Securing Europe’s Medicine Supply: Can Factory Modernization Deliver Supply Resilience Under the Critical Medicines Act?

Europe’s medicine shortage crisis has reached a point where incremental fixes are no longer sufficient. Persistent shortages of antibiotics, oncology medicines, cardiovascular treatments, and other essential therapies are now recognized as a structural risk to public health and healthcare systems across Europe.

The Critical Medicines Act (CMA) represents the European Commission’s most comprehensive response to date. Yet legislation alone cannot restore supply security. The decisive factor will be whether Europe succeeds in rebuilding competitive manufacturing capacity—quickly, sustainably, and at scale.

This article summarizes the key findings of a report developed in collaboration with Medicines for Europe and SCW.AI. It demonstrates why Factory Modernization is the most effective and realistic path to strengthening Europe’s pharmaceutical manufacturing base under the CMA.

The full report (PDF) provide deeper analysis, quantified models, and real-world case studies. By clicking the button below and filling out the form, you can download the full report for free!

1. Europe’s Medicine Shortage Crisis

Image shows 53% of patients in Europe experience negative impacts of drug shortages.

Medicine shortages are no longer isolated incidents caused by temporary disruptions. Across Europe, shortages have become systemic and recurrent, affecting nearly all therapeutic areas and healthcare settings.

26% to 40% of essential medicines in different therapeutic areas are no longer exist in European market.

What distinguishes the current crisis from previous episodes is its structural nature. Supply fragility is now embedded in the economic, and industrial foundations of pharmaceutical manufacturing in Europe.

Manufacturing Failures as the Primary Root Cause

Nearly 50% of all medicine shortages in Europe originate directly from manufacturing failures, including:

  • ~30% stem from capacity constraints,
  • ~15% from slower-than-target production speeds, and
  • ~5% from unavailability of APIs.

This reality reframes the problem: medicine availability is fundamentally a manufacturing productivity and resilience issue.

Image shows 50% of medicine shortages in Europe related with manufacturing inefficiency. Demand surges and distribution issues account for 16% and 11% respectively.

2. Structural Issues in Europe’s Pharmaceutical Supply Base

Several long-term trends have gradually eroded Europe’s manufacturing resilience and increase possibility of drug shortages.

Supplier Concentration and Dependency

  • 46% of critical generic medicines rely on a single supplier

  • Supply disruptions at one site or supplier can immediately translate into continent-wide shortages as reported per IQVIA.

API Dependency and Loss of Strategic Autonomy

  • European manufacturers now hold only ~one third of Certificates of Suitability (CEPs)

  • This figure stood at ~59% in 2000, highlighting a two-decade erosion of domestic capability

The result is a supply chain heavily dependent on non-EU (especially Asia) regions for both APIs and finished dosage forms.

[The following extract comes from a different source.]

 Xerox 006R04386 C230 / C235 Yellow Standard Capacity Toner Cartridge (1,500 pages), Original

Image shows dramatic change of location for CEP holders for API production for EU market in time.

3. Economic & Demographic Pressures

Off-patent medicines (generics and biosimilars) constitute 90% of critical medicines by volume in Europe. They also account for 70% of prescribed treatments. Yet, the manufacturers supplying these products operate under economic pressure.

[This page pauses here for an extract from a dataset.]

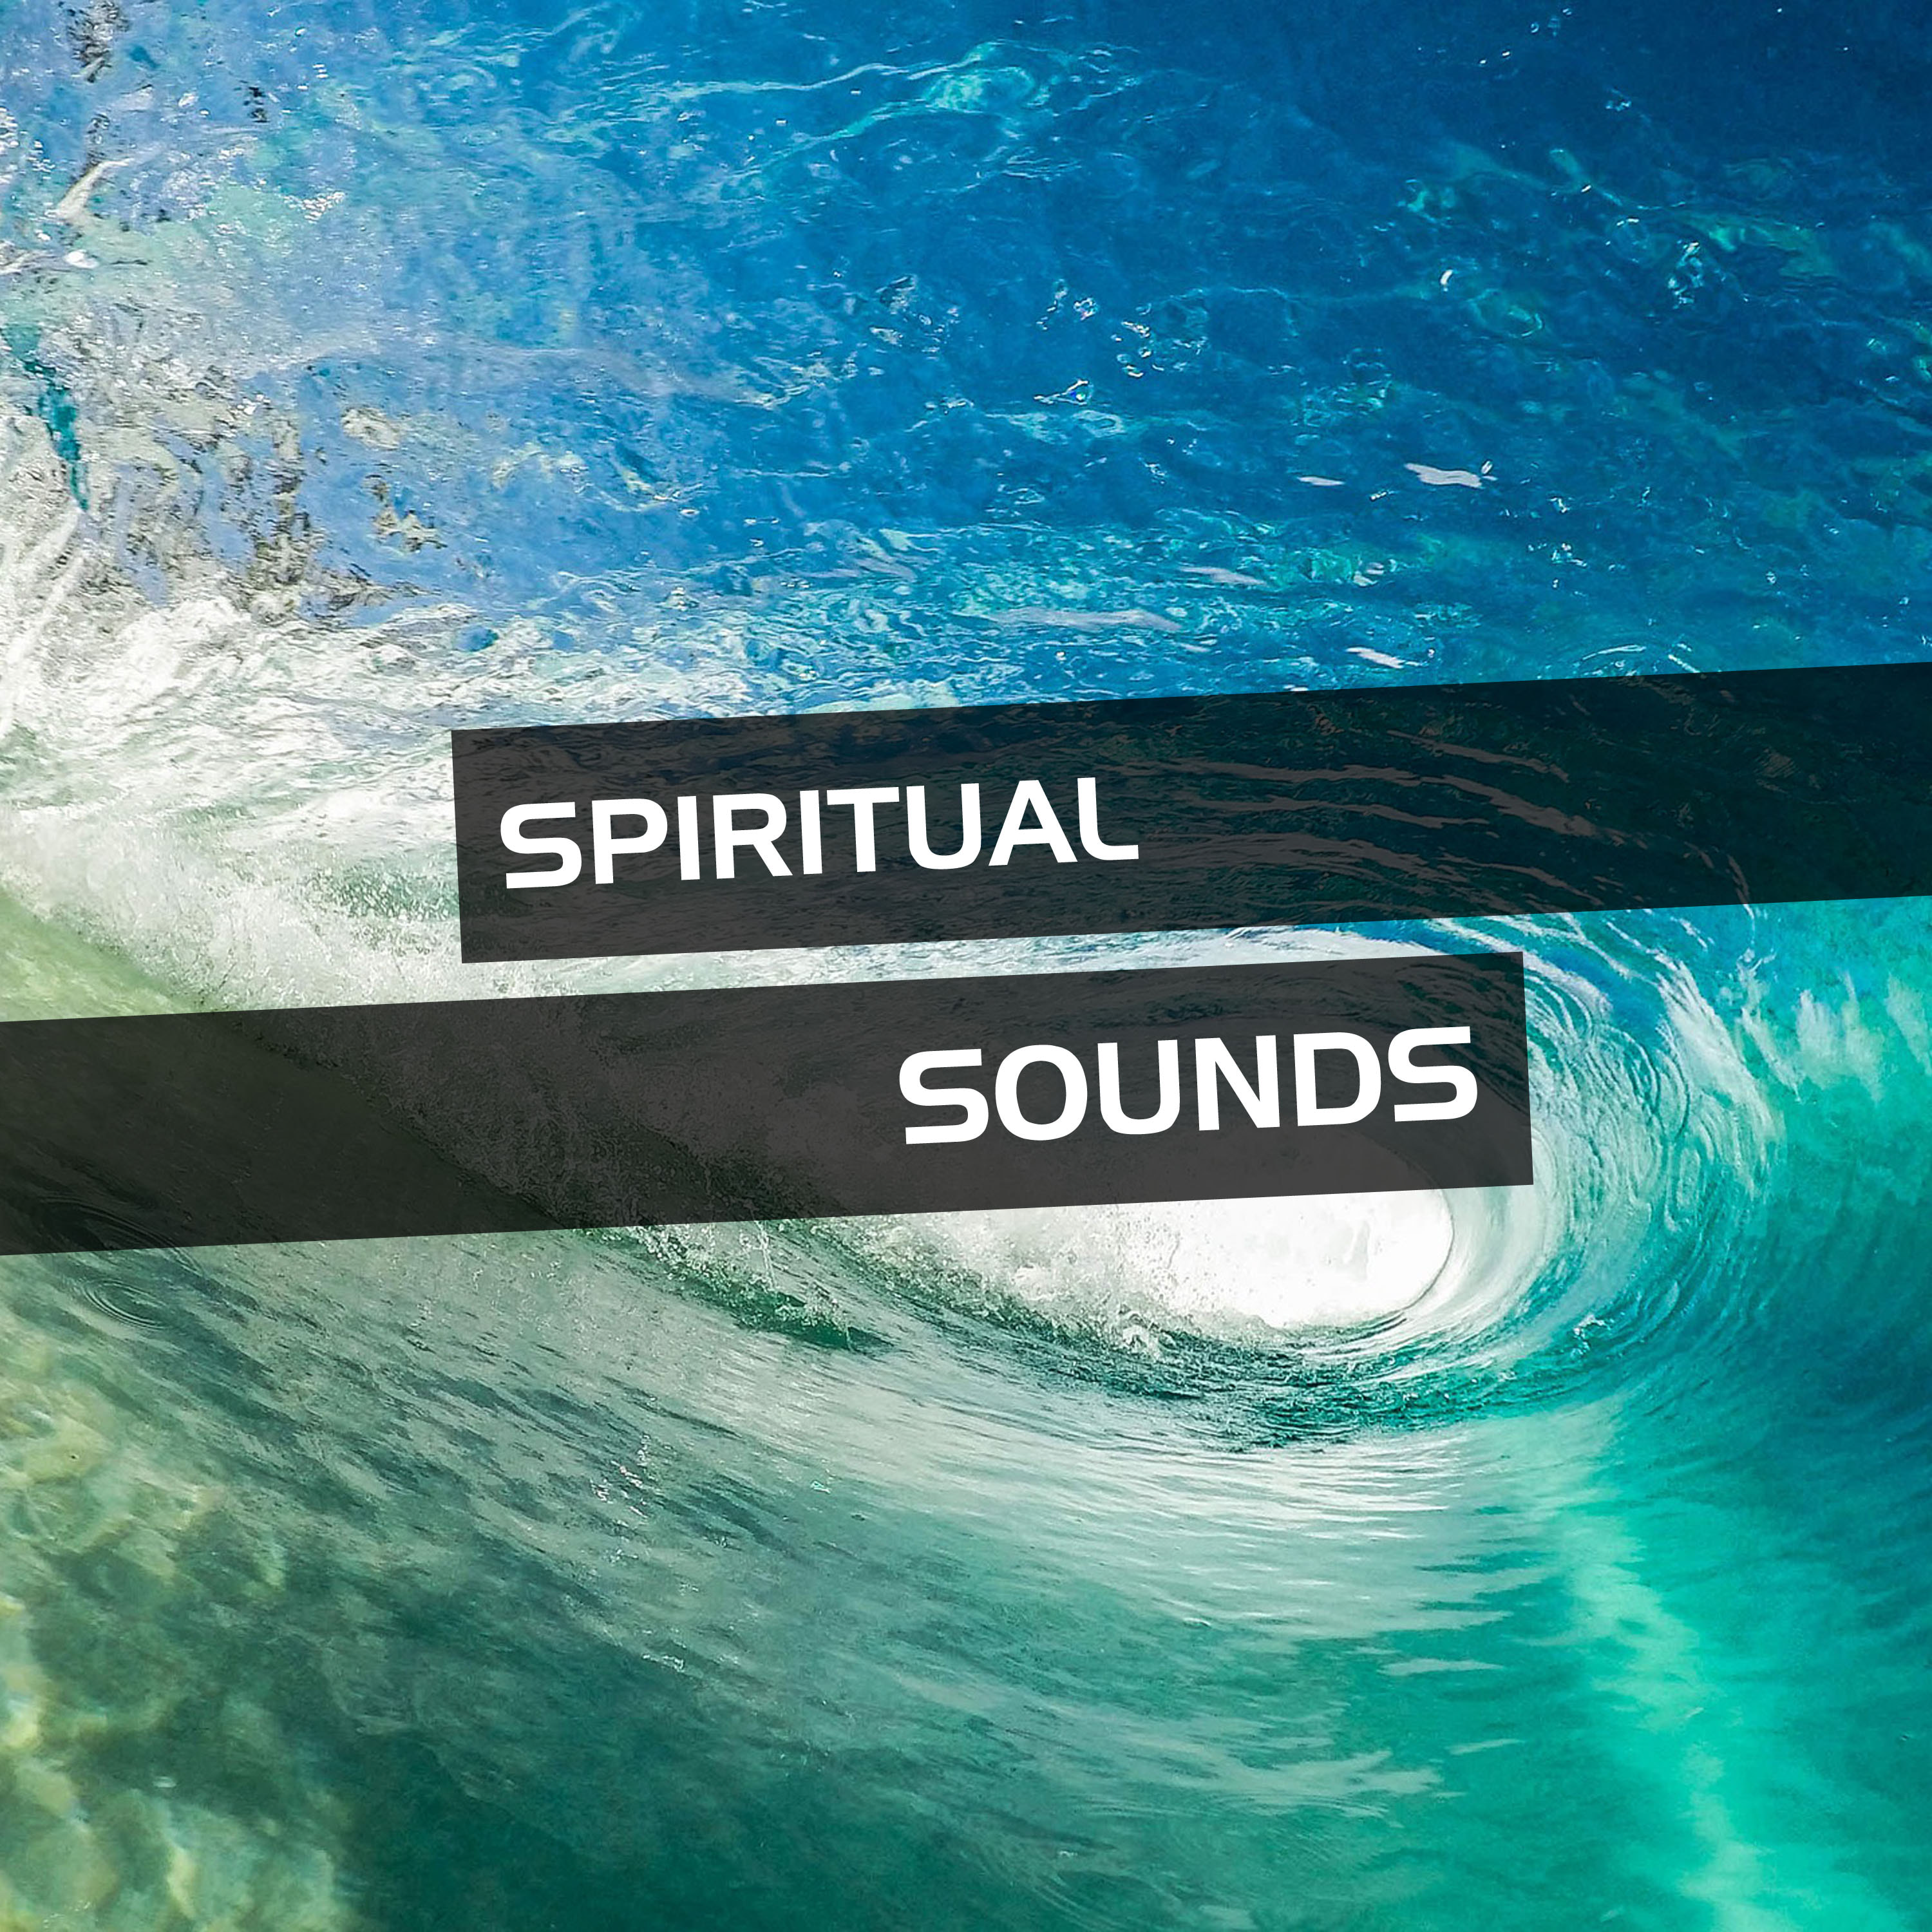 Spiritual Sounds from the Buddha Bar

Price Compression and Procurement Practices

  • Lowest-price procurement dominates many EU markets
  • Margins have steadily declined despite rising input costs
  • Supply reliability and resilience are often not rewarded economically
Between 2015-2025 generic medicine prices still the same in Europe while inflation for the period was over 30%. This situation has drained margins of producers.

Capital Trapped in Compliance

European off-patent manufacturers now allocate approximately 70% of capital investment to:

  • Sustainability compliance
  • Asset depreciation
  • Mandatory things to keep the lights on.

While essential, these investments leave little room for productivity-enhancing modernization, trapping manufacturers in a low-productivity, low-resilience cycle.

Labor Constraints: The Hidden Capacity Bottleneck

Europe’s demographic and labor market realities further limit traditional capacity expansion.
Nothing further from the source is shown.